• EXERCISE:
Once the line with "Toddler Baby Girl" is found in the data, output it and each following line exactly, up to and including the line with "ROBBE RO-POWER ULTRA", and nothing before or after.

• DATA RECORDS:
----------
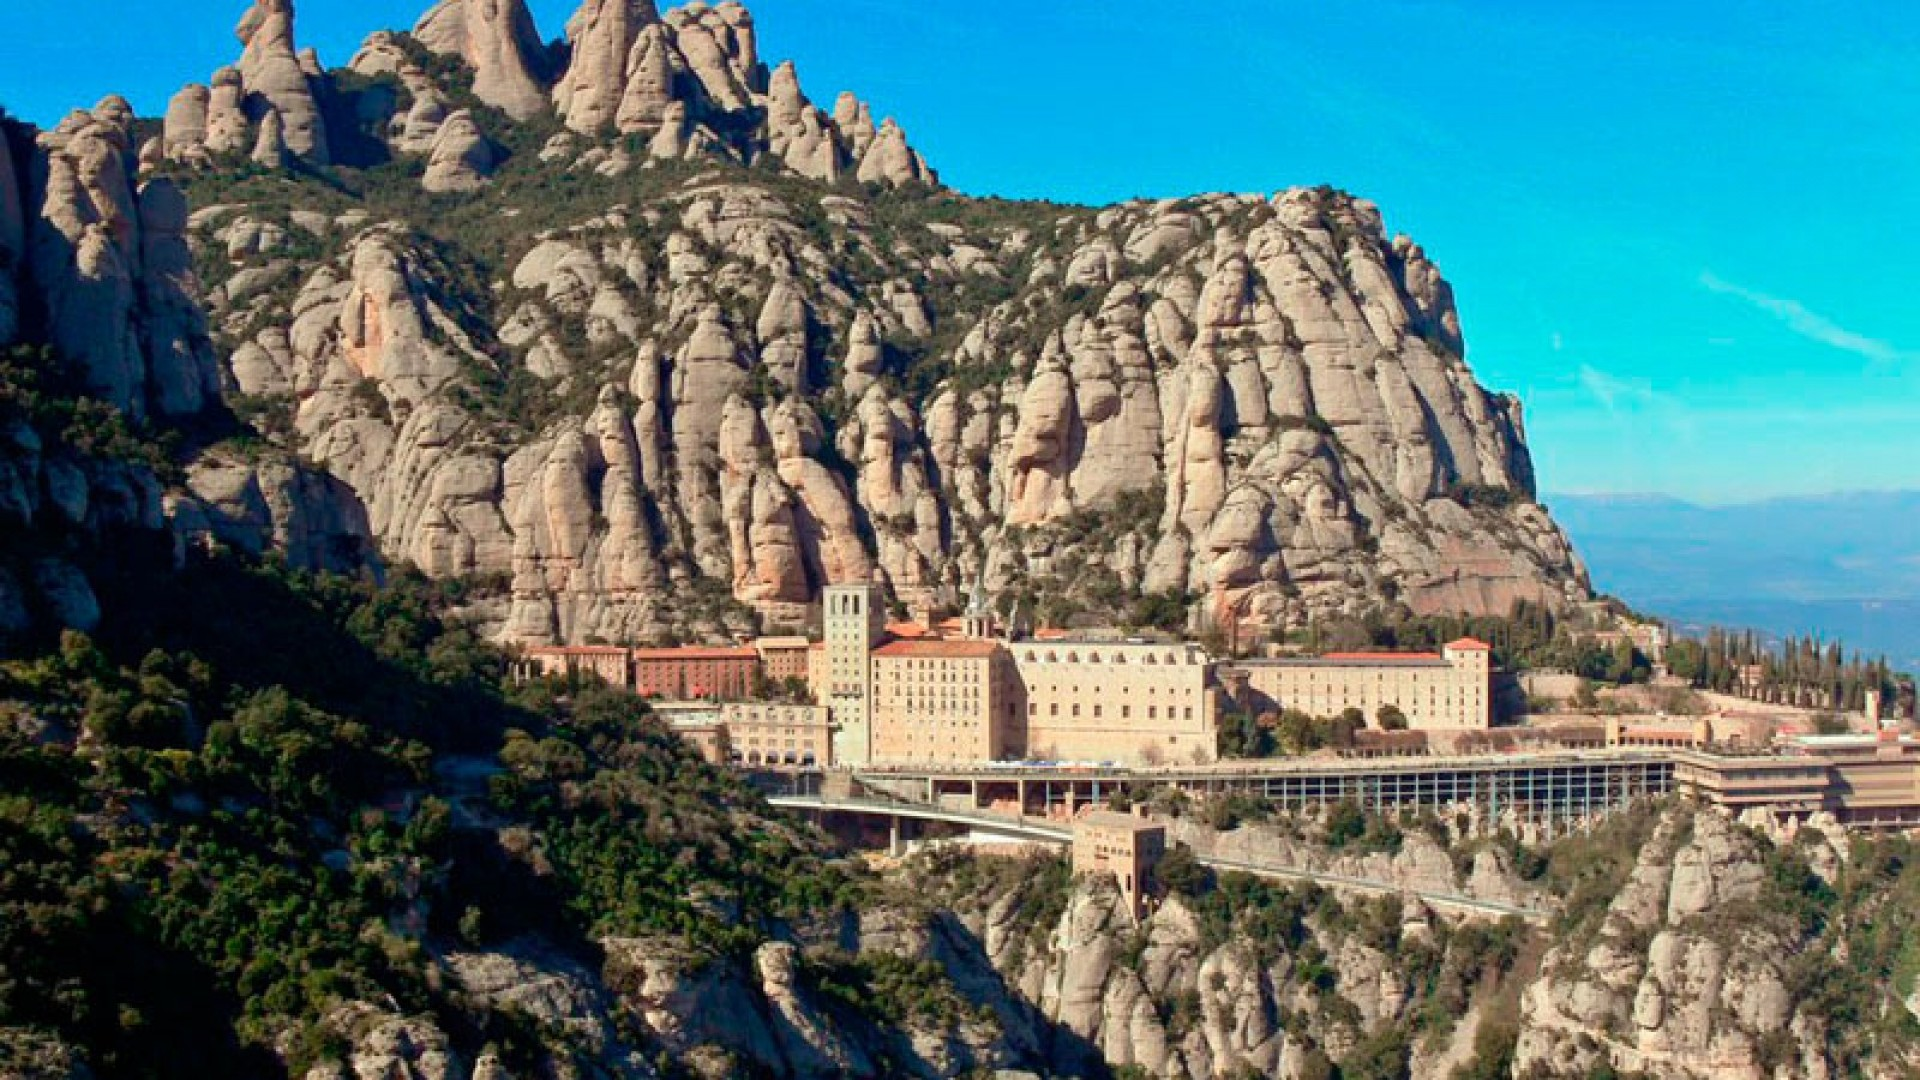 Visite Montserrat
----------
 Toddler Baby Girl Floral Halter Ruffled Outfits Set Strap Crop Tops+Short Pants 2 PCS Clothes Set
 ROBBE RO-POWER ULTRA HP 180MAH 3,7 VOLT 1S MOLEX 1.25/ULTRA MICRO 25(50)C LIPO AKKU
----------
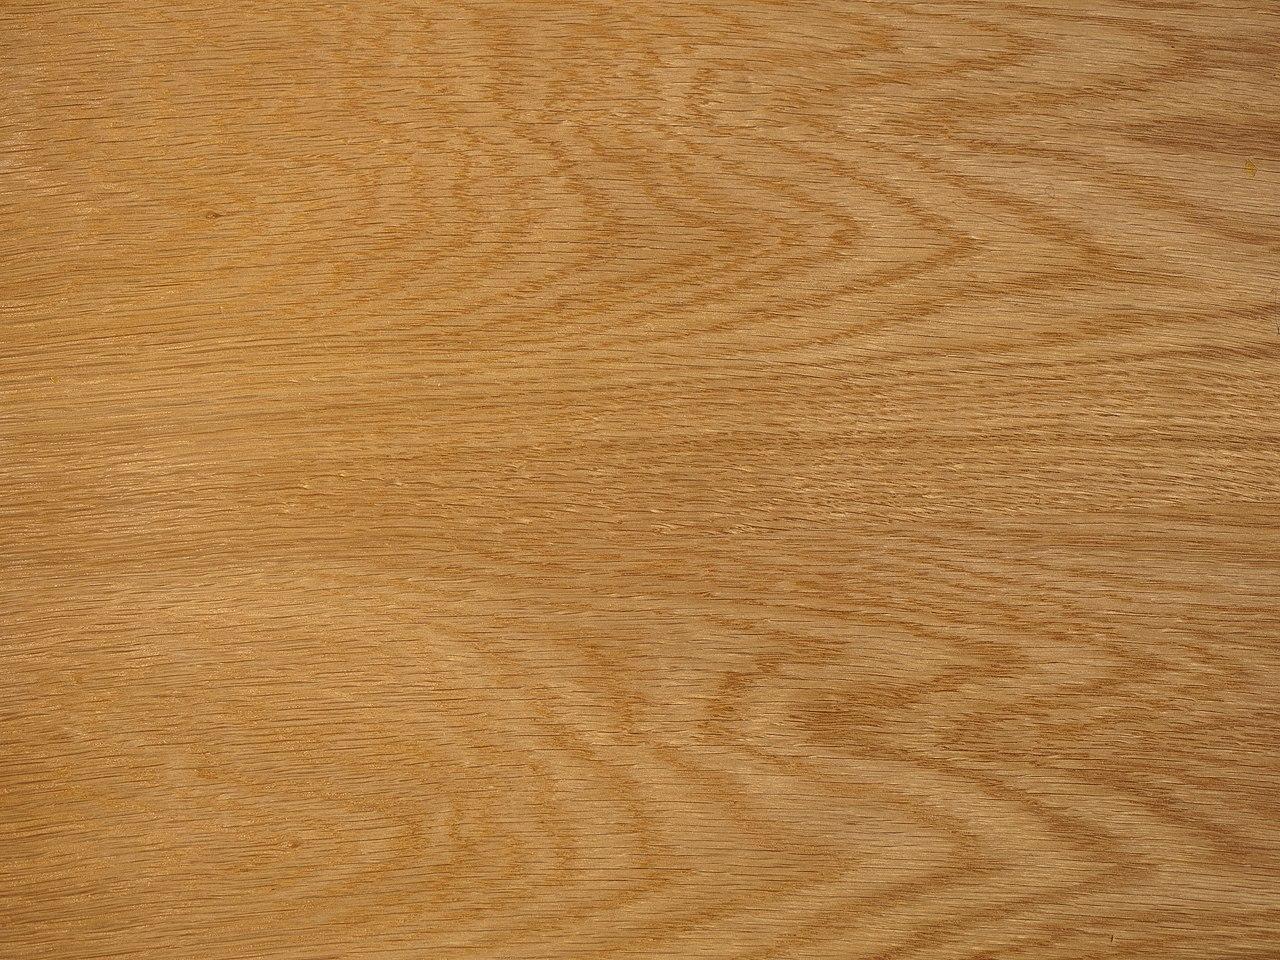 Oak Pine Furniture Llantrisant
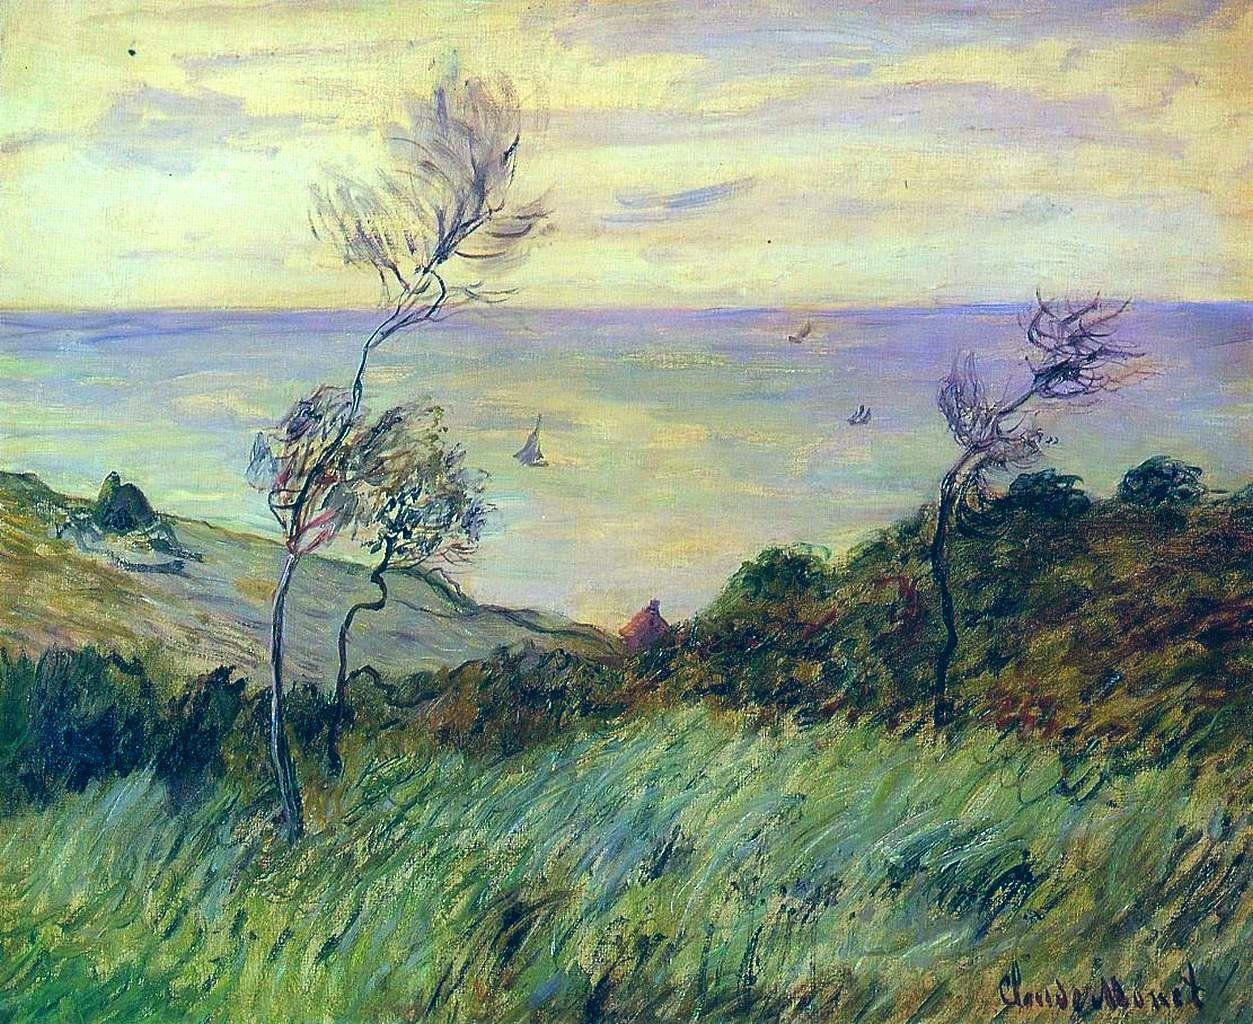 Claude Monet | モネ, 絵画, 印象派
----------
• RESPONSE FOR THIS EXERCISE:
 Toddler Baby Girl Floral Halter Ruffled Outfits Set Strap Crop Tops+Short Pants 2 PCS Clothes Set
 ROBBE RO-POWER ULTRA HP 180MAH 3,7 VOLT 1S MOLEX 1.25/ULTRA MICRO 25(50)C LIPO AKKU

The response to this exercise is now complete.